## Supplied material
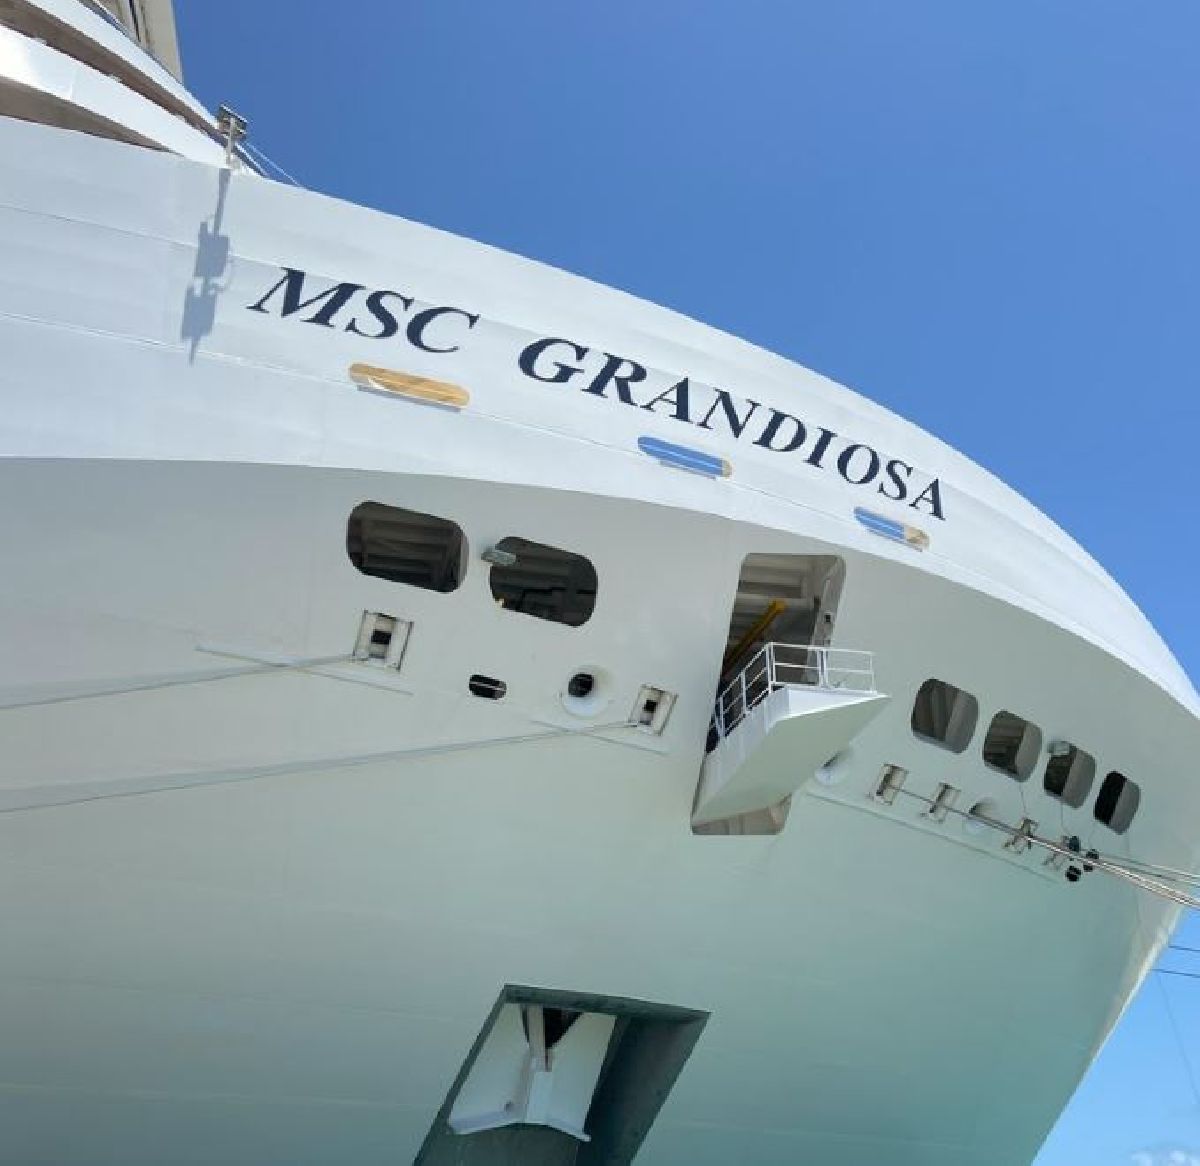 Chega ao Brasil o MSC Grandiosa, o maior navio de cruzeiros da história a navegar no país
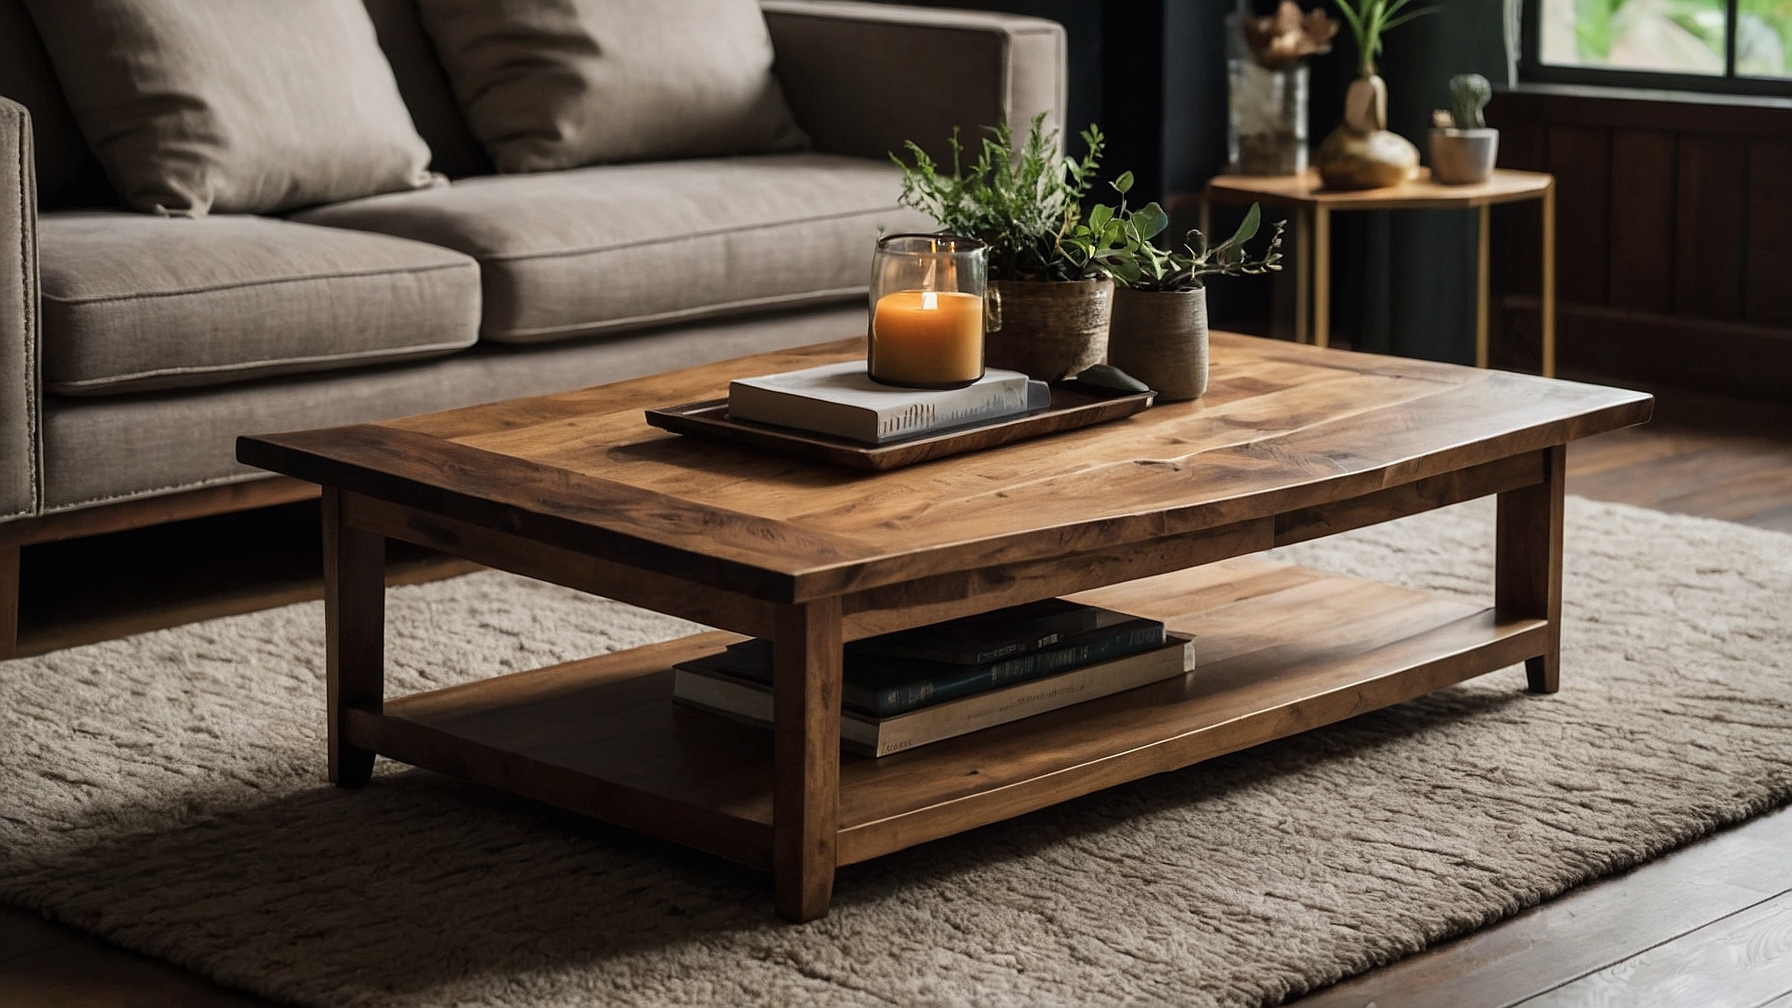 Default Minimalist house Wood Coffee Table Modern Style Timel 3 3
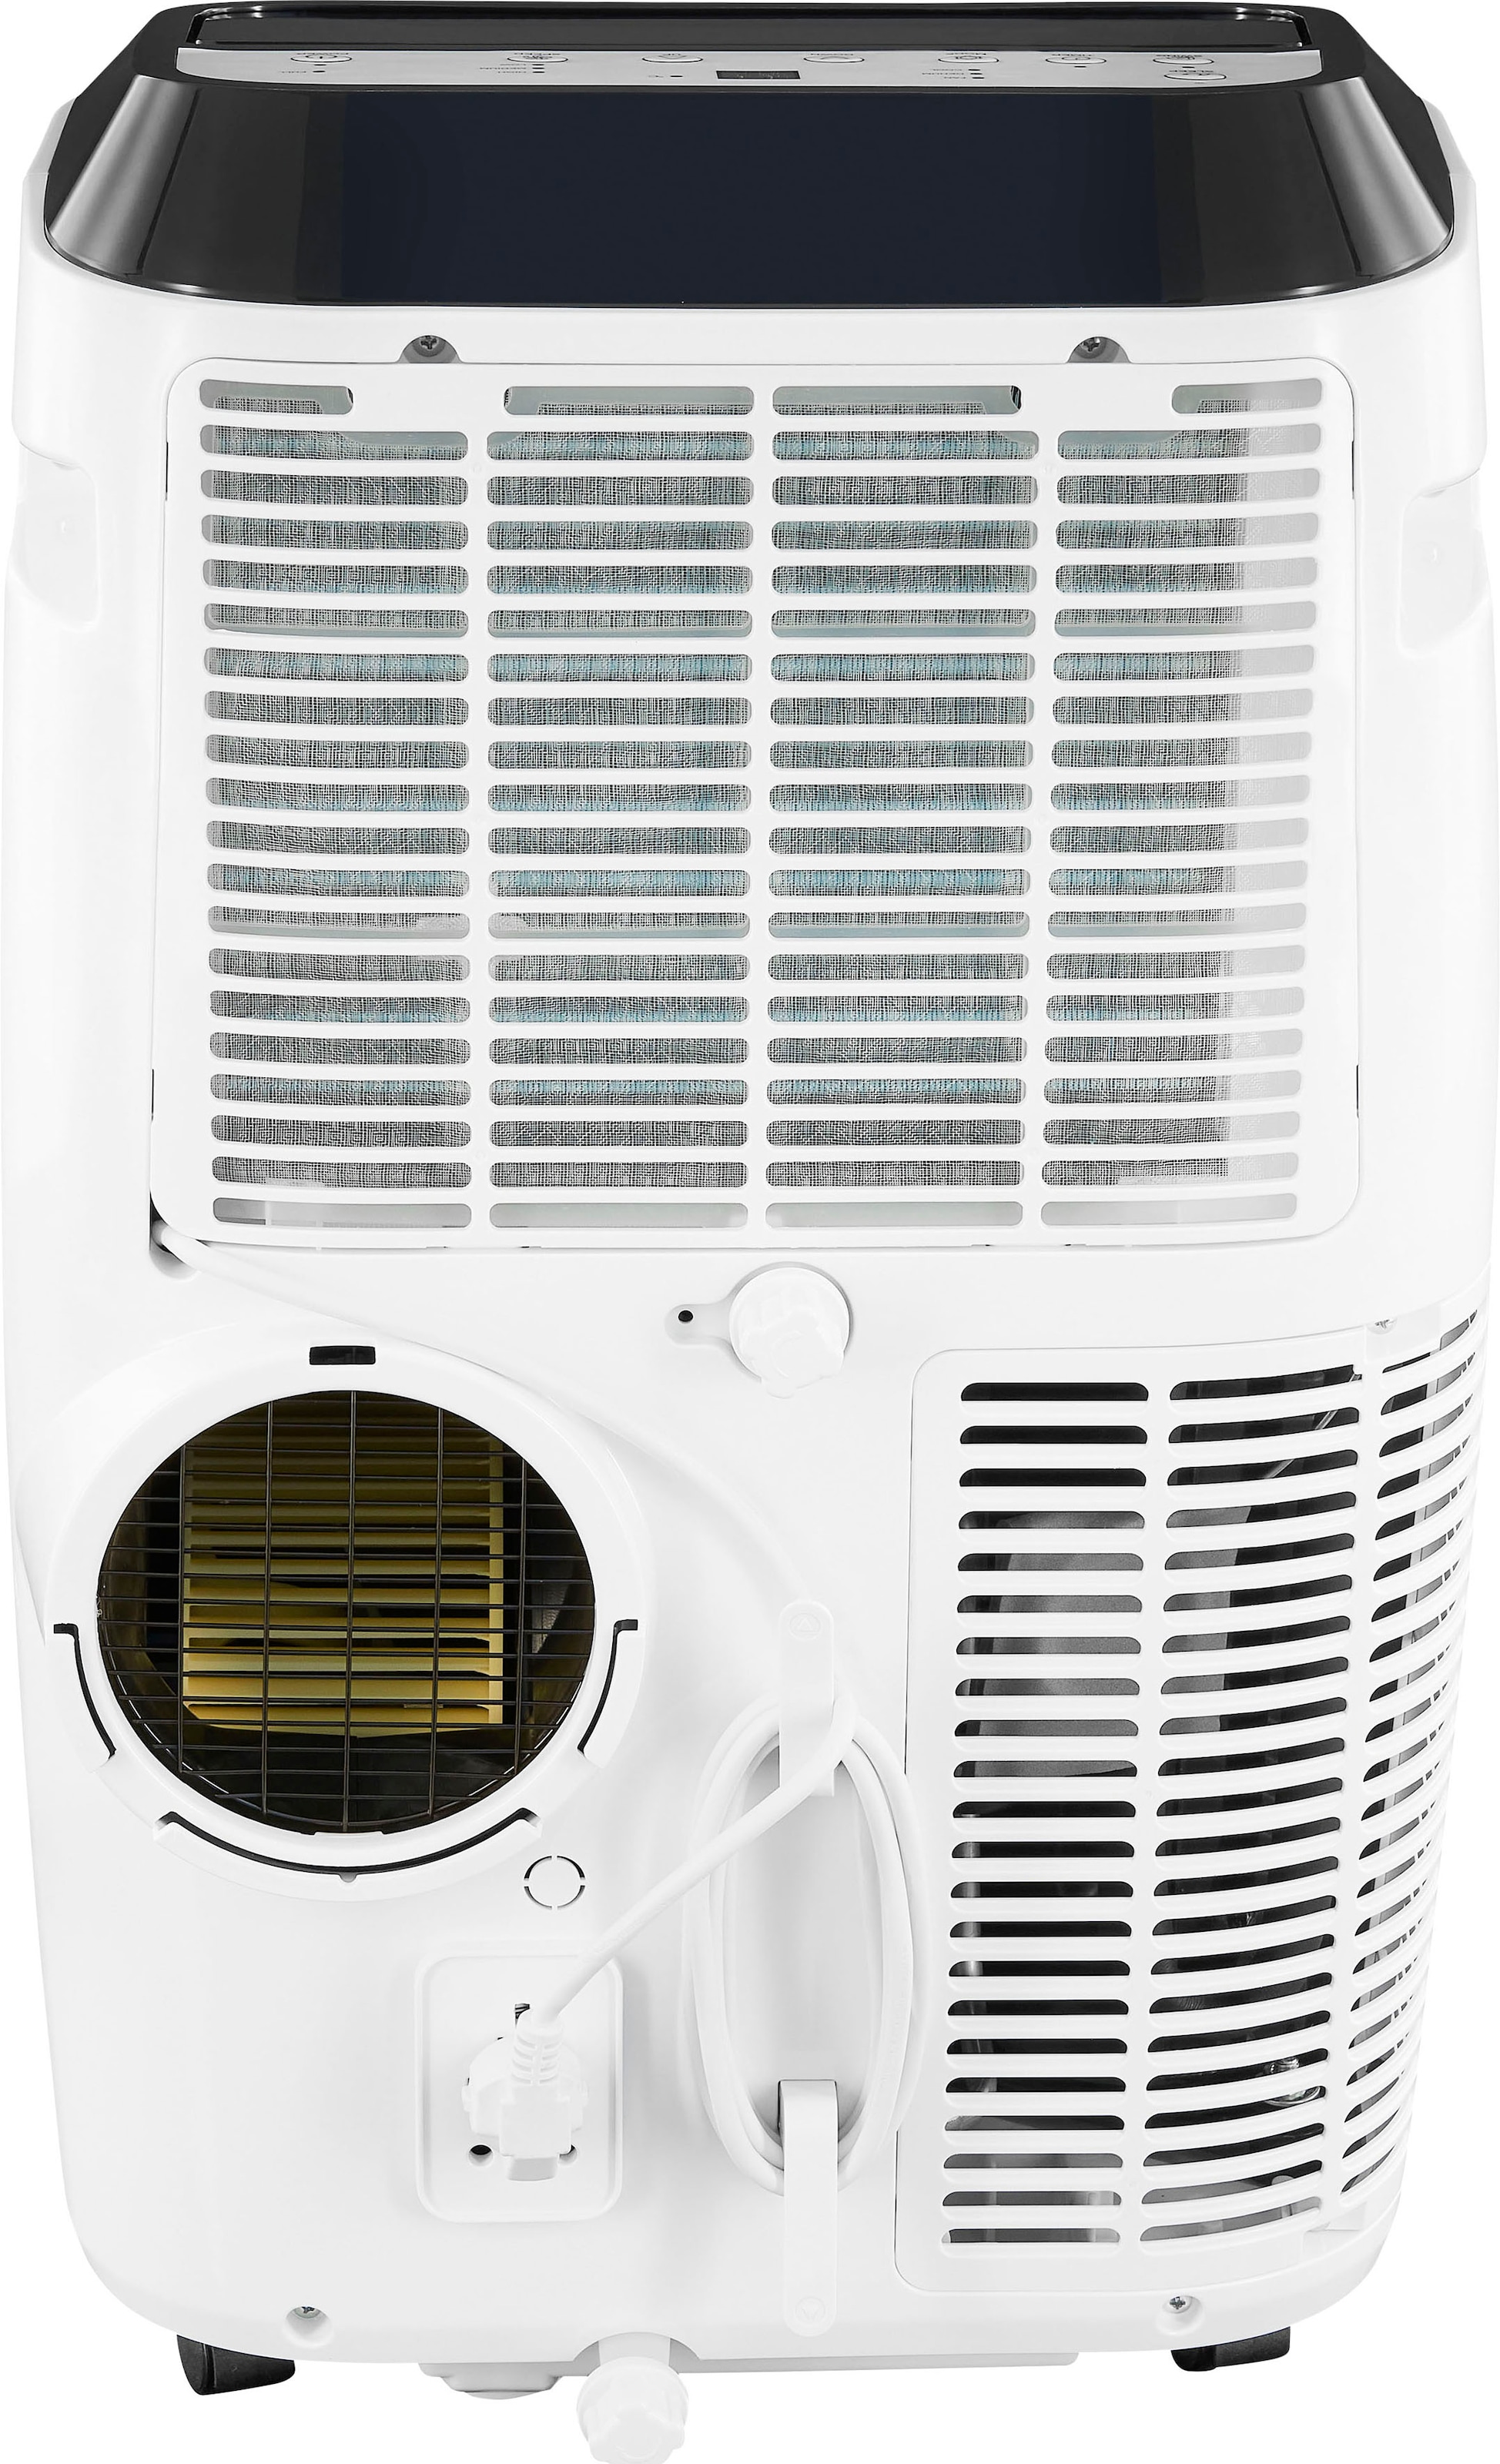 Gutfels 3-in-1-Klimagerät »CM 61249 we«, Luftkühlung - Entfeuchtung, geeignet für 38 m² Räume

## What is being asked
Leave out all pictures, then copy the remaining material exactly.

## Output for this task
 Chega ao Brasil o MSC Grandiosa, o maior navio de cruzeiros da história a navegar no país
 Default Minimalist house Wood Coffee Table Modern Style Timel 3 3
 Gutfels 3-in-1-Klimagerät »CM 61249 we«, Luftkühlung - Entfeuchtung, geeignet für 38 m² Räume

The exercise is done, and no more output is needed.